Андрюша с мамой Галиной Васильевной, ее не стало в прошлом году.
17 января в 17.00 остановилось сердце моего двоюродного брата Андрея Михайлова. Со своим родным братом Максимом они жили в Твери, которая для меня навсегда останется Калинином счастливого детства с дедушкой Васей и бабушкой Верой. Благодаря им мы трое, по сути, были родными. Братское родство – от дедушкиной и бабушкиной любви.
Младший Максим, талантливый военный связист и компьютерщик ушел в 2003 г. в 32 года, исполняя настолько важное государственное задание, что стресса не выдержало сердце. Андрюшке в декабре этого должно было исполниться 60. Вот и остался я один, старший.

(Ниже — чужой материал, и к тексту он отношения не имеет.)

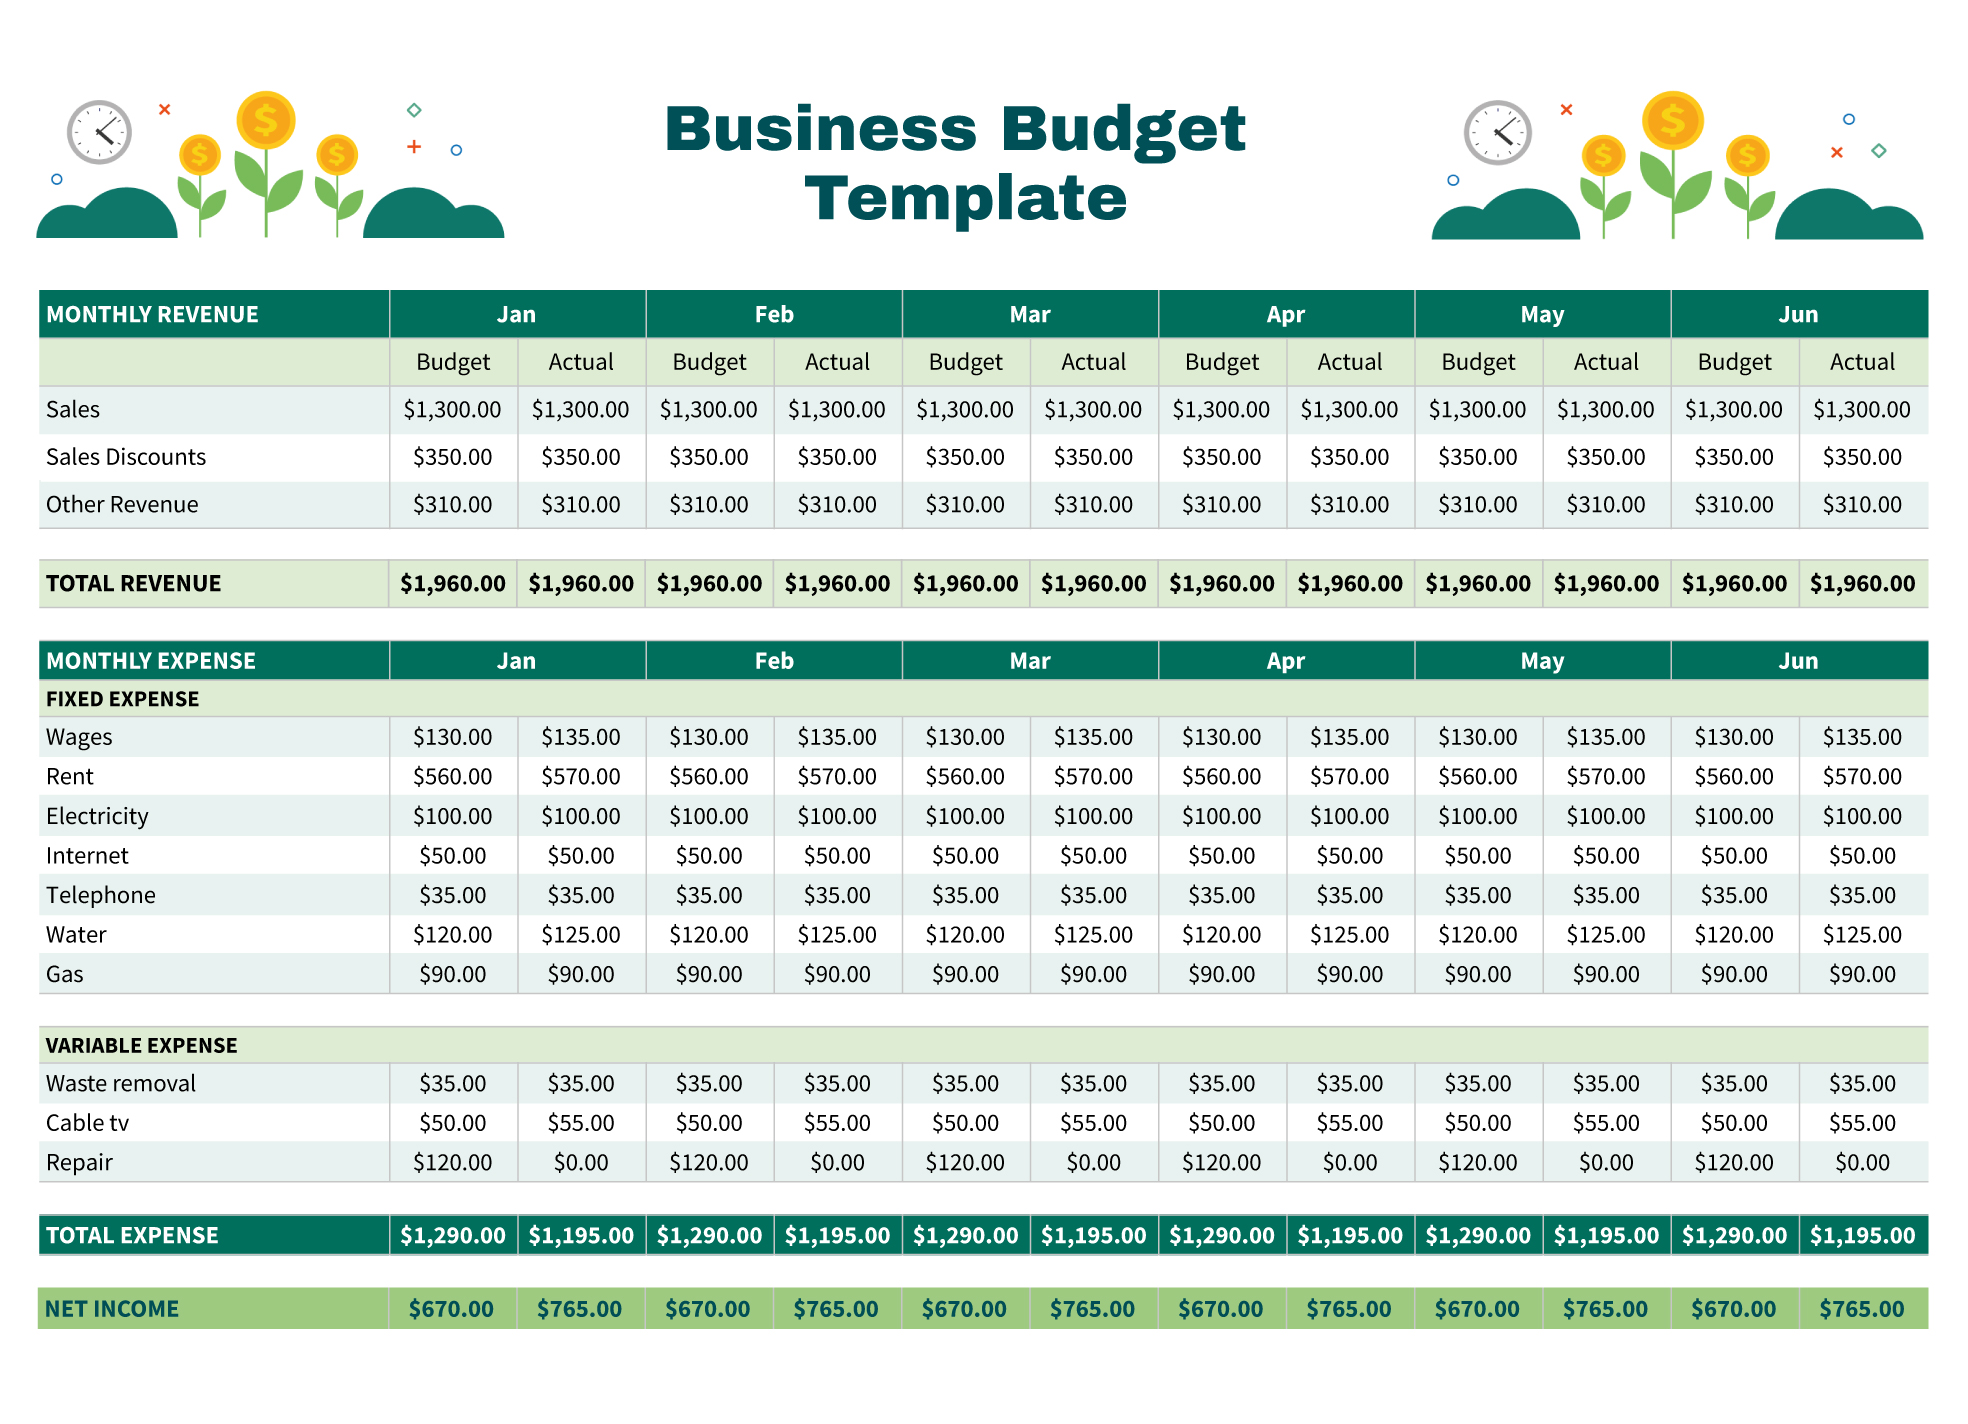 excel template for budget

Андрей – это летняя нежная Волга чуть выше Калинина, это одномоторные самолетики, на которые мы бегали смотреть на местный аэродром в Мигалово, это лес, в котором мы «боролись» с американской военщиной «за Вьетнам». Это – впадение Тверцы в Волгу, где напротив Речного вокзала в доме барачного типа родился и жил Андрюшка. И, конечно, улица Володарского – дом бабушки и дедушки. И дедушка Вася со своим: «Ну что, сынки?»
Юность – ну, тут ничего особенного, кроме самой юности.
С Андрюшей было спокойно и просто, спокойнее и проще – разве только с Максимом (фамильное, от деда). Неспокойно и непросто было Андрею, как я понял позднее. Мы привычно о чем-то шутили, и вдруг Андрюшка говорит:
- Знаешь, чего я люблю больше всего? Сесть на велосипед и умчаться куда-нибудь по грибы, чтобы меня никто не нашел.
Такой «осенний марафон». На велосипеде – от себя. Не к себе, а именно от себя. Чтобы самому себя не найти. И так он делал часто. Потом он возвращался. И мы снова шутили. Но о чем-то важном я так его и не спросил. Не полез в братскую душу. У каждого свой велосипед, свои грибы. Но смысл Андрюшиного велосипедно-грибного «эскапизма» был особый.
В последние годы он перенес два инсульта, но в интернат уйти не пожелал. Заехал, посмотрел и сказал: «Нет!»
В юности мы любили «попеть» песню «Машины времени» «Избавление» (не знаю, почему выбор пал именно на нее):
Я видел, как в комнату, не знавшую тревог, воpвался ветеp. Он поднял пыль, годами дpемавшую в углах, И в танце закpужил по коpидоpу. Соpвал он с окон штоpы, и в окна хлынул сумасшедший день. И дом застыл, сияньем дня смущенный, В надежде pобкой снова скpыться в тень. Я видел, как в комнату, не знавшую тревог, воpвался ветеp. Он поднял со стола листы бумаги, В полете пpевpатив их в белых птиц, И это было словно избавленье. Я понял, что мой тpуд смешон и мал, как миг. Я бpосил все и стал самим собой.
Андрюша не пел и не играл. Я садился за пианино «Лира», и все это проделывал за двоих. А Андрей просто открывал рот. Но мы называли это «дуэтом».